What is being asked ->
All of the data, word for word and free of pictures, is the expected result.

Data below ->

######

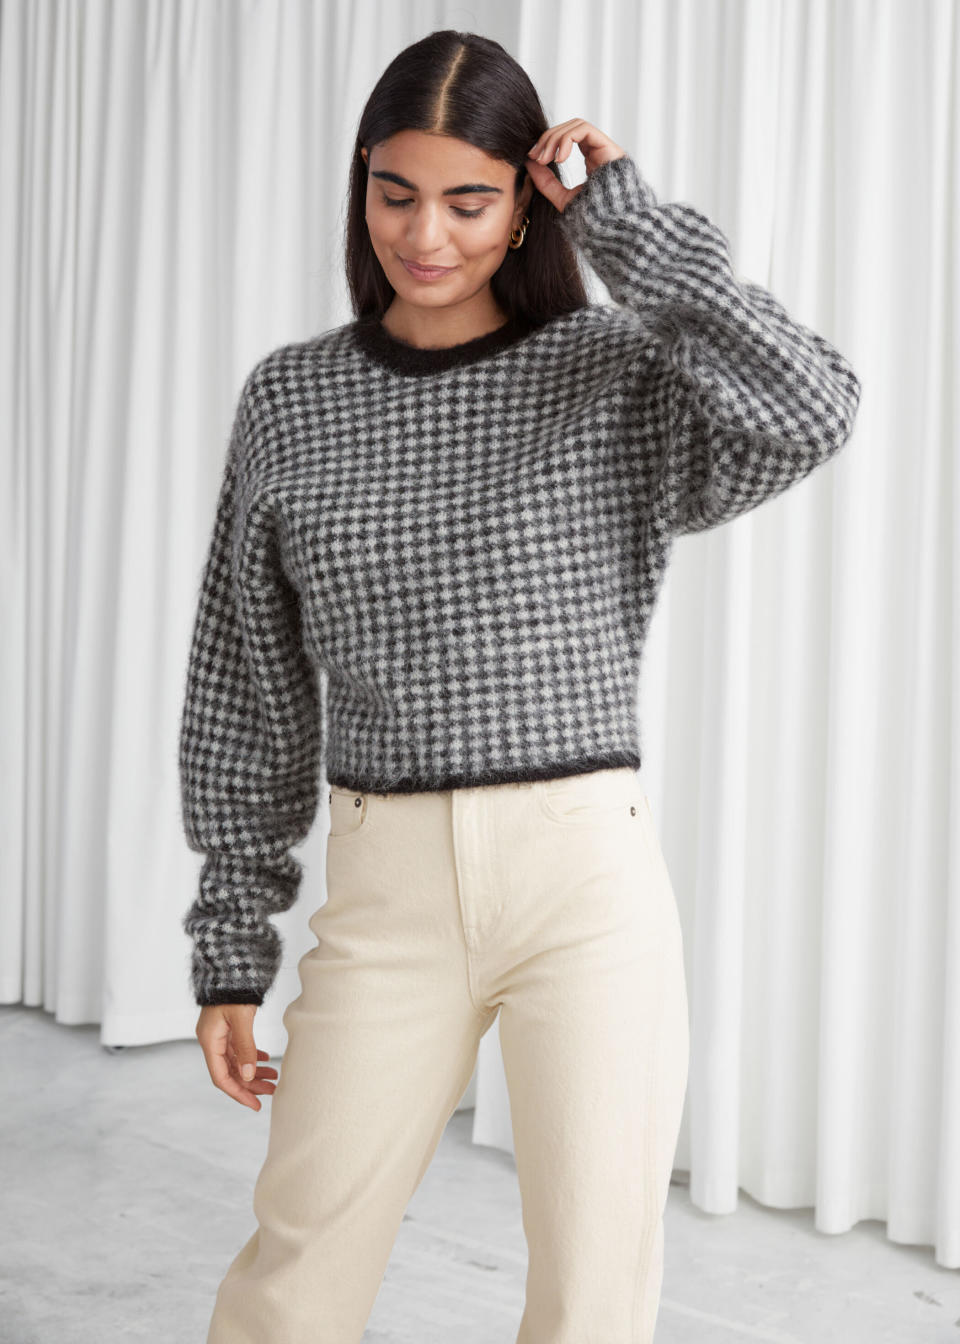 Thanks to "The Queen's Gambit," checkerboard prints have made a comeback. If they've been lusting over the series' fashion, this sweater will be a checkmate. <a href="https://fave.co/33IzLpD" target="_blank" rel="noopener noreferrer">Find it for $99 at &amp; Other Stories</a>. 
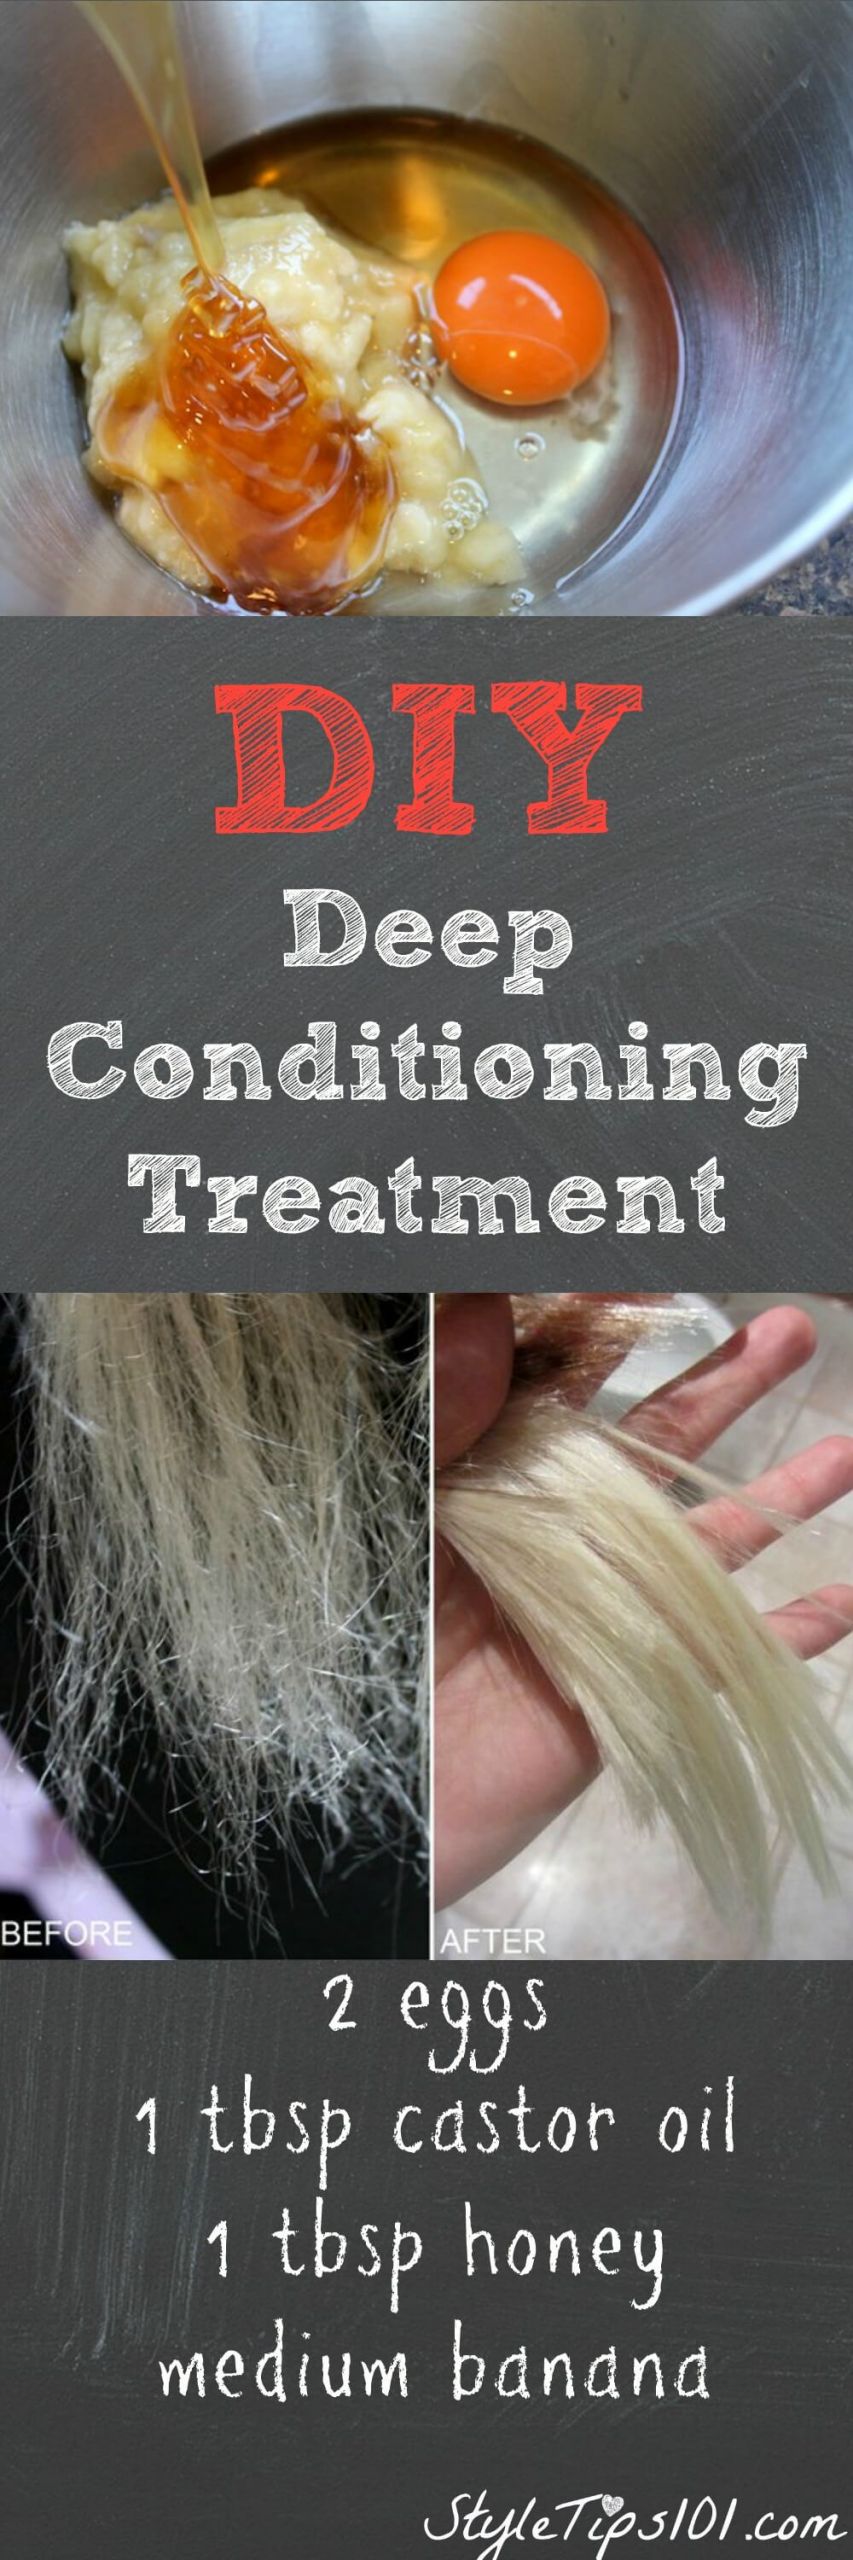 DIY Hair Treatment
 DIY Deep Conditioning Treatment With Egg and Castor Oil

######

Finished task ->
 Thanks to "The Queen's Gambit," checkerboard prints have made a comeback. If they've been lusting over the series' fashion, this sweater will be a checkmate. <a href="https://fave.co/33IzLpD" target="_blank" rel="noopener noreferrer">Find it for $99 at &amp; Other Stories</a>. 
 DIY Hair Treatment
 DIY Deep Conditioning Treatment With Egg and Castor Oil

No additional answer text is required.